In Italia, da ieri, ci sono sei vite in meno alle quali rendere giustizia. Insieme alle altre 677 che, secondo gli ultimi dati sulle denunce presentate all’Inail (saranno aggiornati domani), sono state straziate nei primi sette mesi del 2021. Dovevano vendere la loro forza lavoro in cambio di un salario, hanno reso la vita per la quale non c’è alcun prezzo.
Davanti a questa macchina di morte la situazione è talmente grave, e l’inadeguatezza politica, istituzionale e morale è così ampia che, all’indomani dell’incontro con Cgil Cisl e Uil a palazzo Chigi, il ministro del lavoro Andrea Orlando ha sentito il bisogno di precisare: «Non basta un incontro con le sigle sindacali per debellare una piaga come questa. Purtroppo i limiti che oggi registriamo sono il frutto di scelte non fatte in passato».

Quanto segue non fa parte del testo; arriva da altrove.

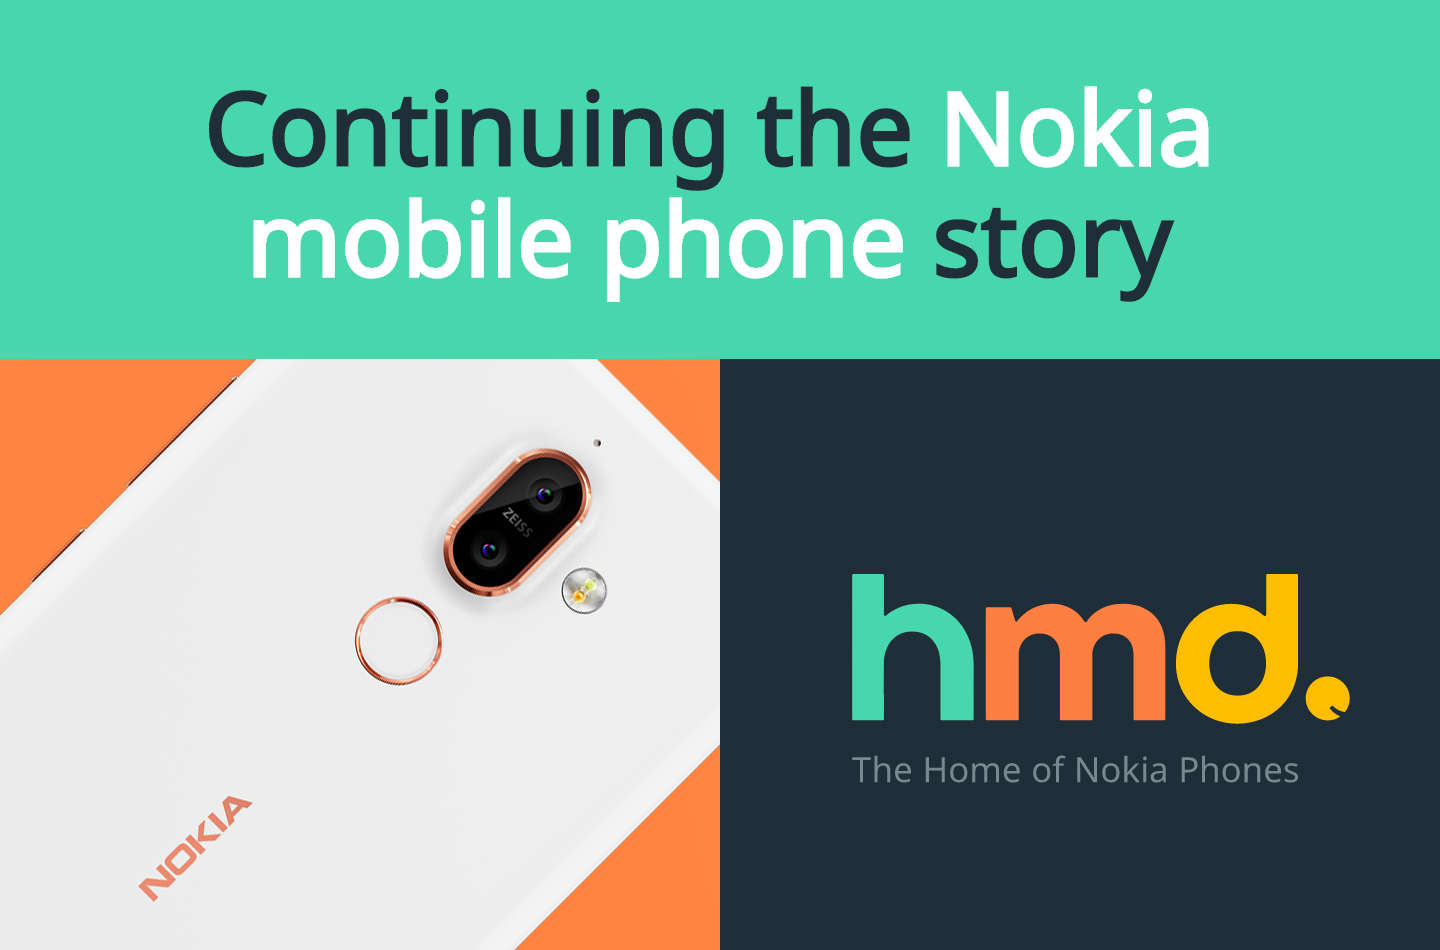 Nokia smartphone design

No, non basta un solo incontro. E non bastano probabilmente le misure che sono state annunciate dopo il primo. Molte di queste avrebbero dovuto essere adottate già uno, tre, cinque o dieci anni fa. Quando i morti del lavoro erano migliaia in meno. L’assunzione di 2300 nuovi ispettori del lavoro, ad esempio: 1400 erano state già annunciate tre anni fa. Una riforma della formazione di lavoratori e imprenditori, le sanzioni da applicare a seguito delle ispezioni e una banca dati unica delle stesse sanzioni. È difficile immaginare il livello di efficacia di queste misure.
Gli incidenti sul lavoro, in particolare in quello metalmeccanico, edile o nei servizi logistici o di fornitura sono eventi che accadono nell’ordinaria violenza dei rapporti di lavoro. Ieri sono state indicate altre due misure: «Le aziende appaltanti che non rispettano le norme sulla sicurezza devono essere escluse dalle gare di appalto- sostiene la Cgil – In caso di violazioni non sono sufficienti solo le sanzioni ma vanno sospese tutte le attività produttive fino a quando le imprese non si siano messe in regola».
C’è un altro problema ed è decisivo. Si possono anche varare norme tardive ma comunque necessarie, ma poi nessuno le applica. Lo hanno fatto notare la Cgil con la Funzione pubblica e la Filctem di Milano dopo avere appreso la notizia della morte atroce degli operai soffocati dall’azoto liquido. Il 20 aprile 2018 è stato firmato un protocollo in prefettura a Milano. Da allora non è stato applicato. Come accade a molte altre normative. In vigore, ma solo sulla carta. Una realtà da considerare nel momento in cui si preannunciano nuovi protocolli. Si spiega così la sensazione di impotenza, a tutti i livelli, che accompagna la strage quotidiana dei lavoratori (in media tre al giorno, ieri il doppio: sei). In una «ripresa» post-covid evocata come una manna questa è la realtà materiale: i lavoratori restano soli e così affrontano i rischi. E la morte.
«Non abbiamo più tempo, non si può più aspettare» è stato detto, di nuovo, ieri. Oltre all’accertamento delle responsabilità penali si dovrebbe agire direttamente, con decisioni efficaci e radicali, sulle responsabilità dell’impresa.